▶ [Provided material]
== == ==
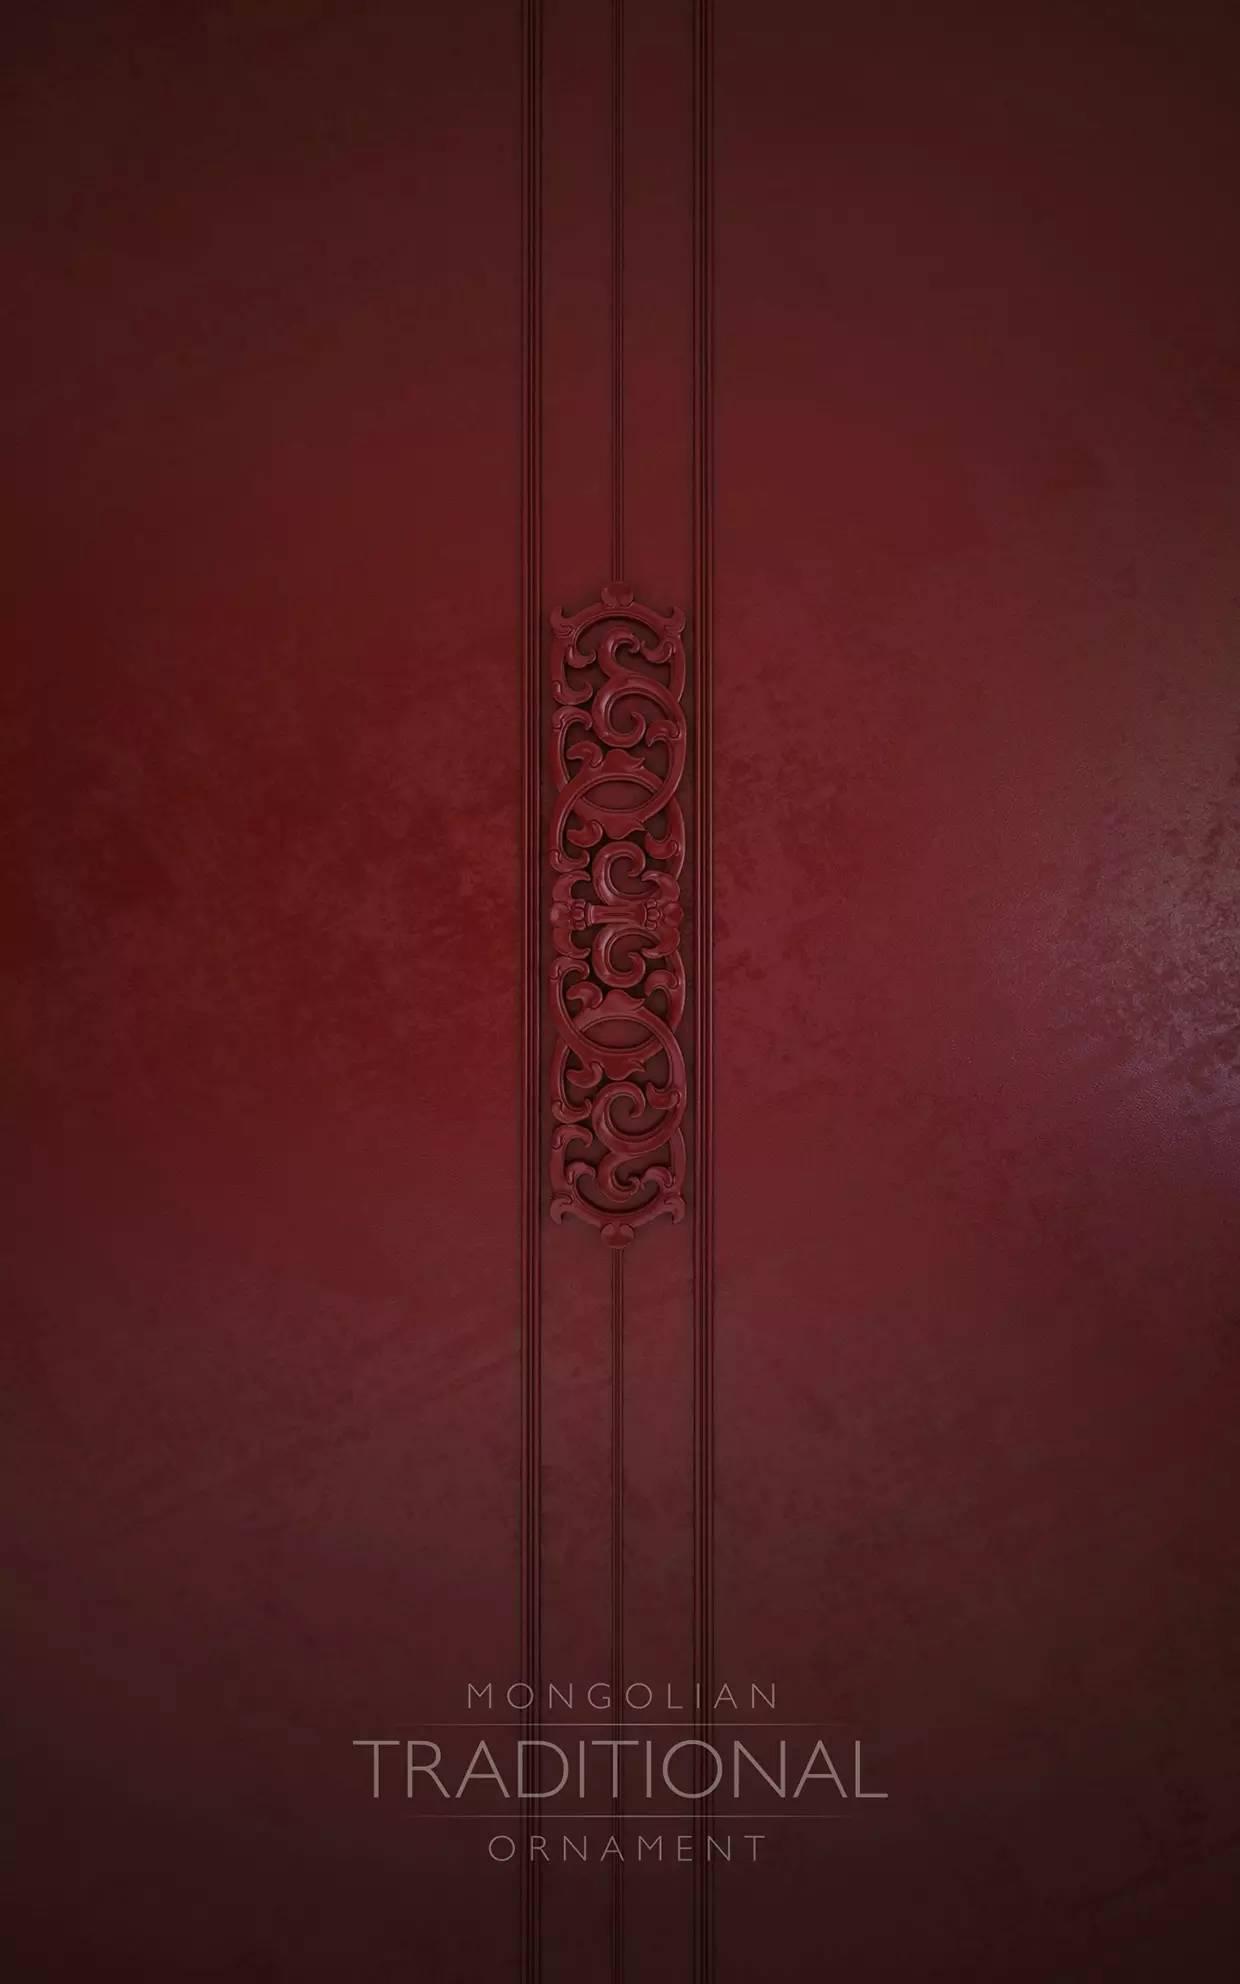 室内设计 蒙族传统装饰(Mongolian Traditional Ornament) 第2张
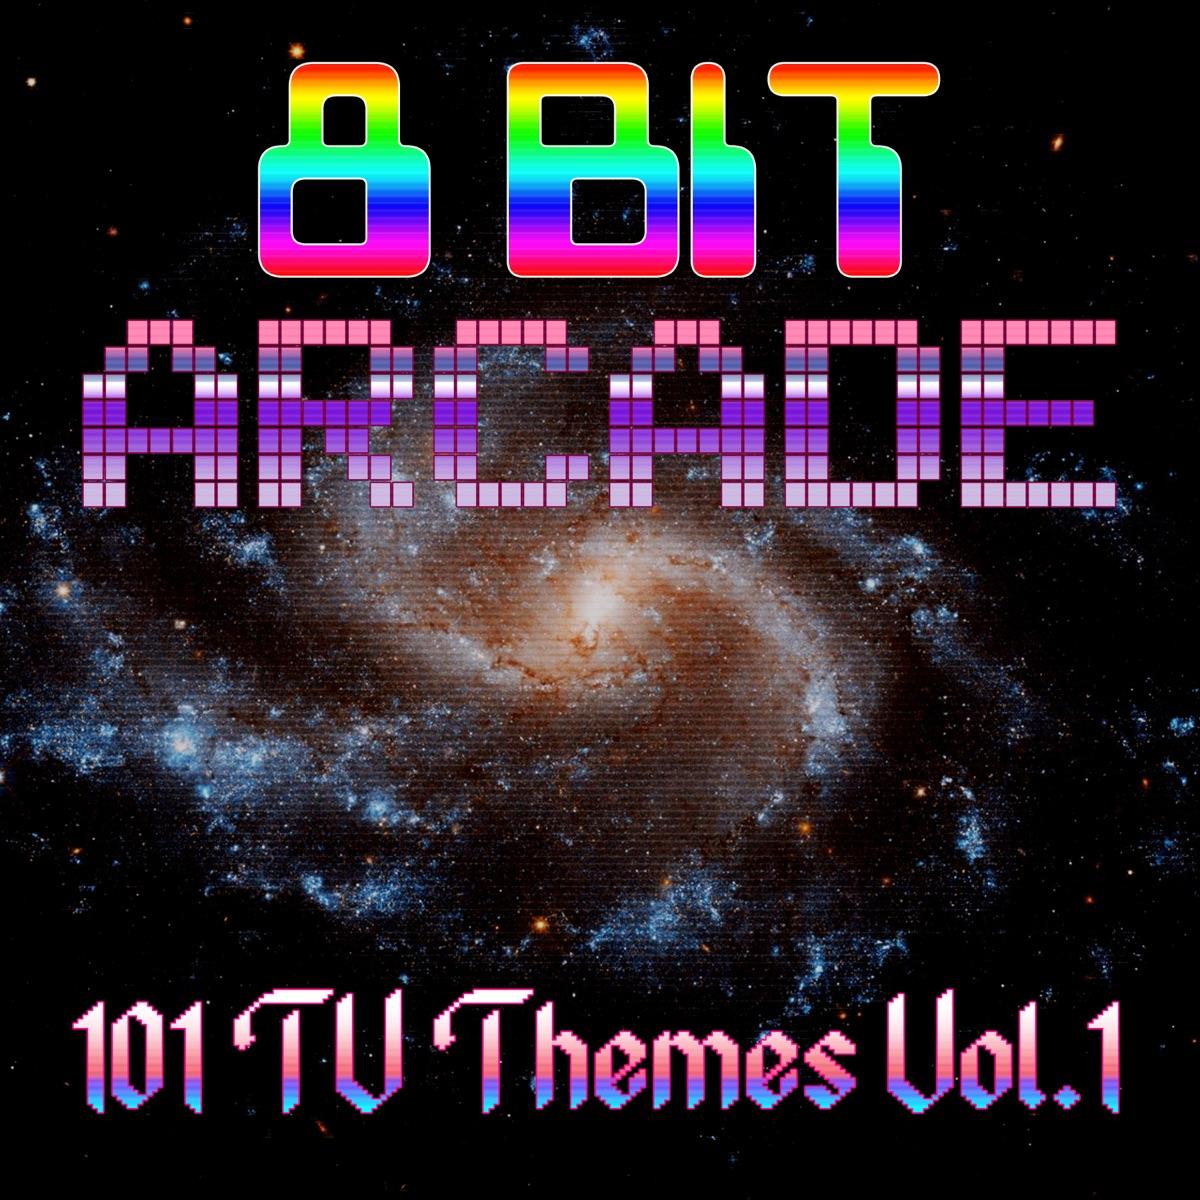 101 Television Themes Vol 1 8-Bit Arcade CD cover
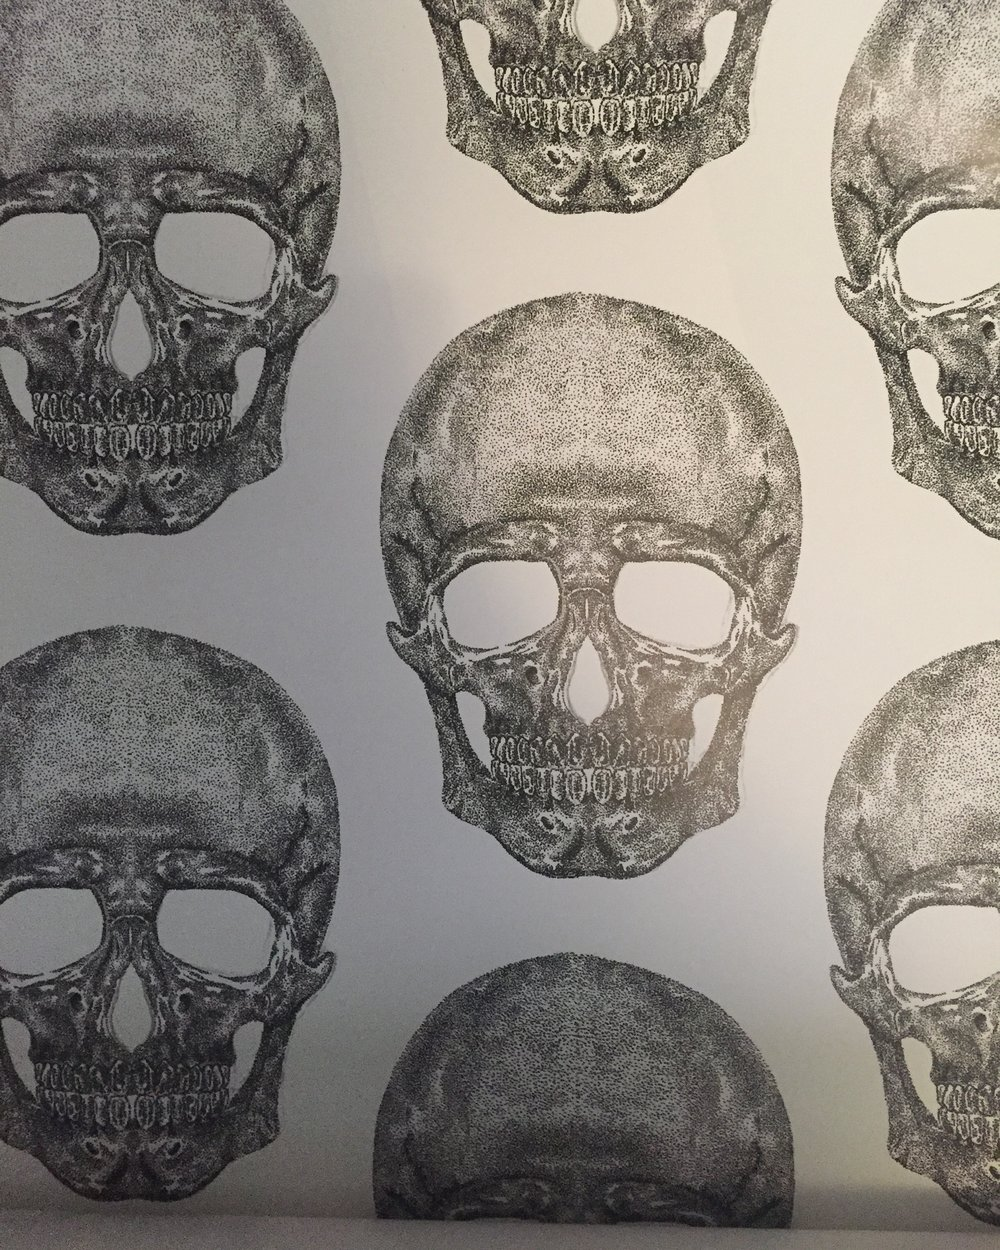 Skull_CandiceKayeDesgin_AntonyRush.JPG
== == ==
▶ [Exercise instructions]
Excluding every picture, set down the listing exactly.

▶ [Task answer]
 室内设计 蒙族传统装饰(Mongolian Traditional Ornament) 第2张
 101 Television Themes Vol 1 8-Bit Arcade CD cover
 Skull_CandiceKayeDesgin_AntonyRush.JPG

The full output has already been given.